The probe has focused on a July 25 telephone call in which Trump asked Ukrainian President Volodymyr Zelenskiy to open an investigation into Biden and his son Hunter, and into a discredited theory promoted by Trump and his allies that Ukraine, not Russia, meddled in the 2016 election.

Hunter Biden joined the board of Ukrainian energy company Burisma while his father was vice president. Trump has accused the Bidens of corruption. They have denied wrongdoing and the allegations have not been substantiated.

Democrats also have accused Trump of abusing his power by withholding $391 million in security aid to Ukraine - a vulnerable U.S. ally facing Russian aggression - and holding back a coveted White House meeting with Zelenskiy as leverage to pressure Kiev into investigating the Bidens.

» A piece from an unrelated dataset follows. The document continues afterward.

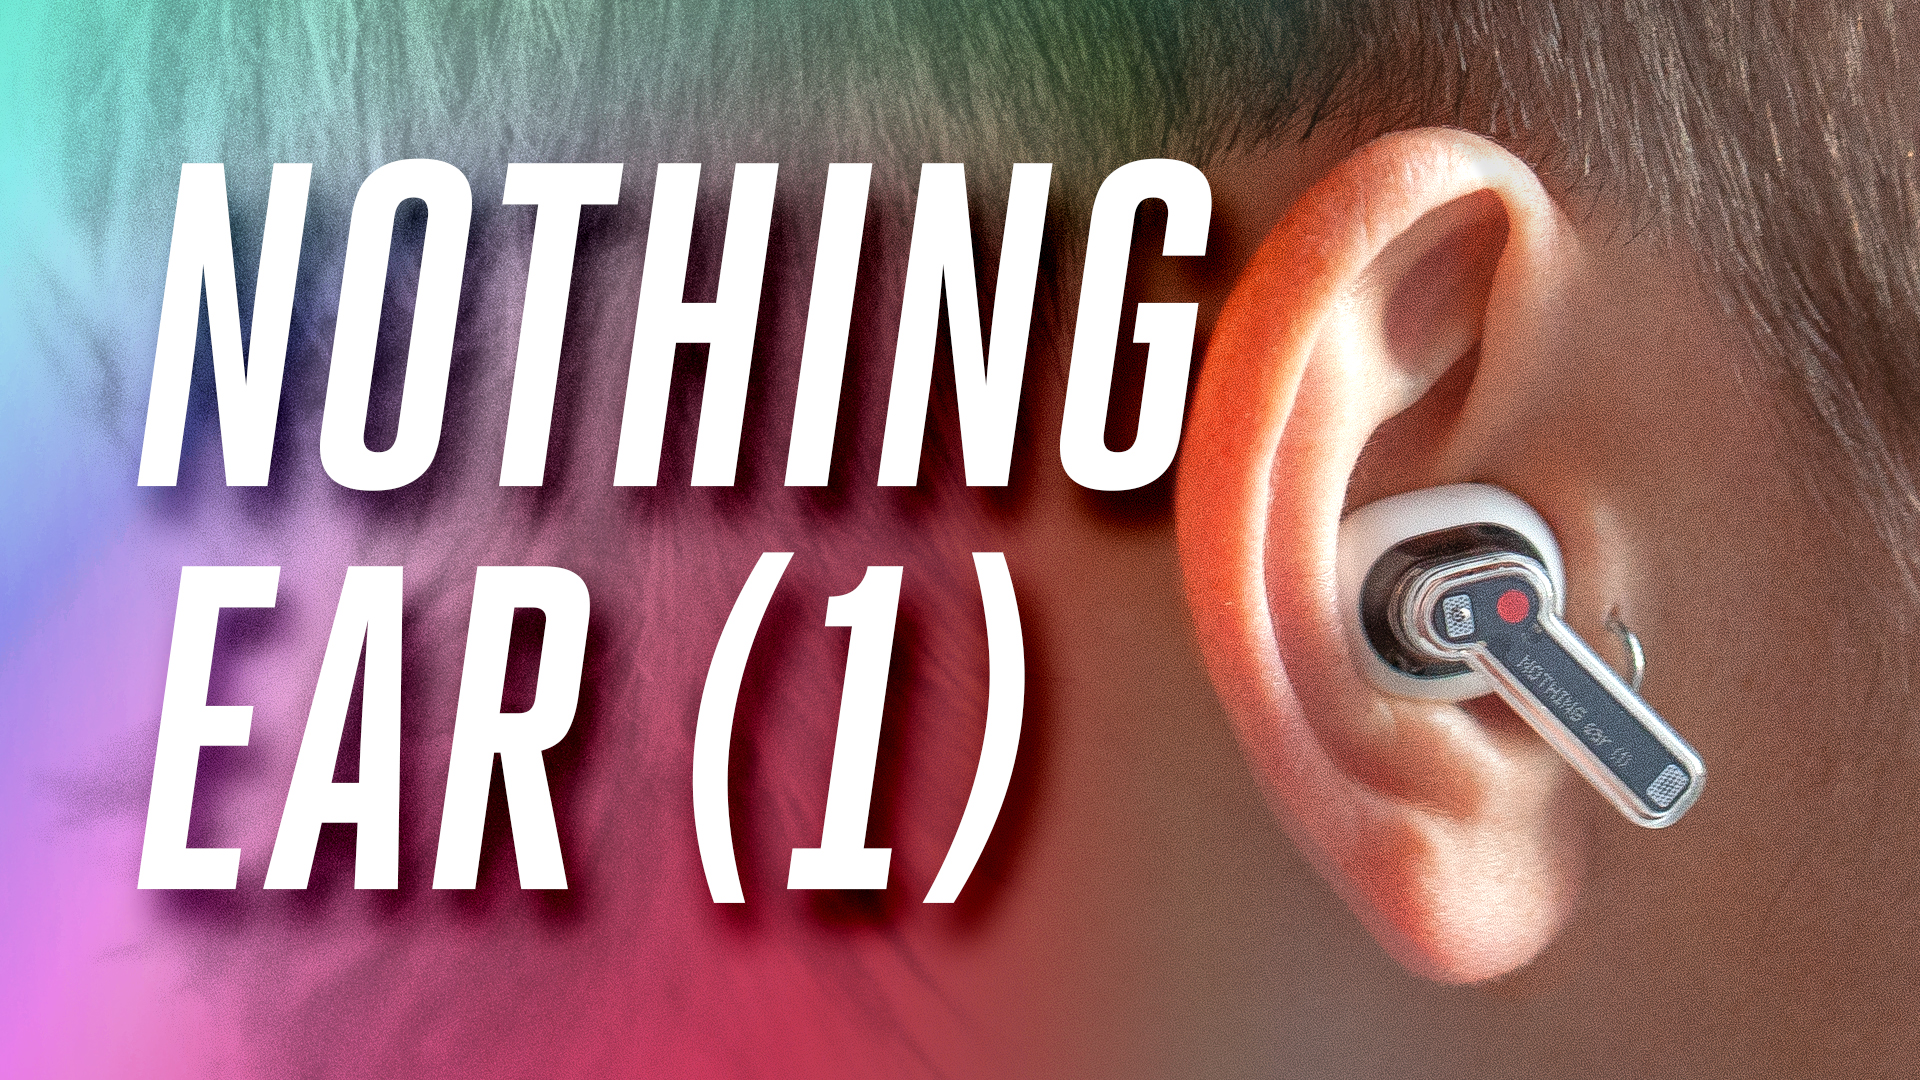 Nothing Ear (1): Reviewing The Sound Of Silence

The Judiciary Committee will hold a public hearing on Monday. Republicans have also called for a full day of proceedings to examine their own evidence, including a 110-page report saying the inquiry had found no evidence of an impeachable offense.

They have presented their own list of requested witnesses, including Hunter Biden and the anonymous whistleblower whose complaint sparked the impeachment inquiry. Nadler is considered unlikely to call them to testify.

Trump is the fourth U.S. president to face impeachment proceedings. None were removed from office, although Richard Nixon resigned as he faced almost certain impeachment in 1974 over the Watergate scandal.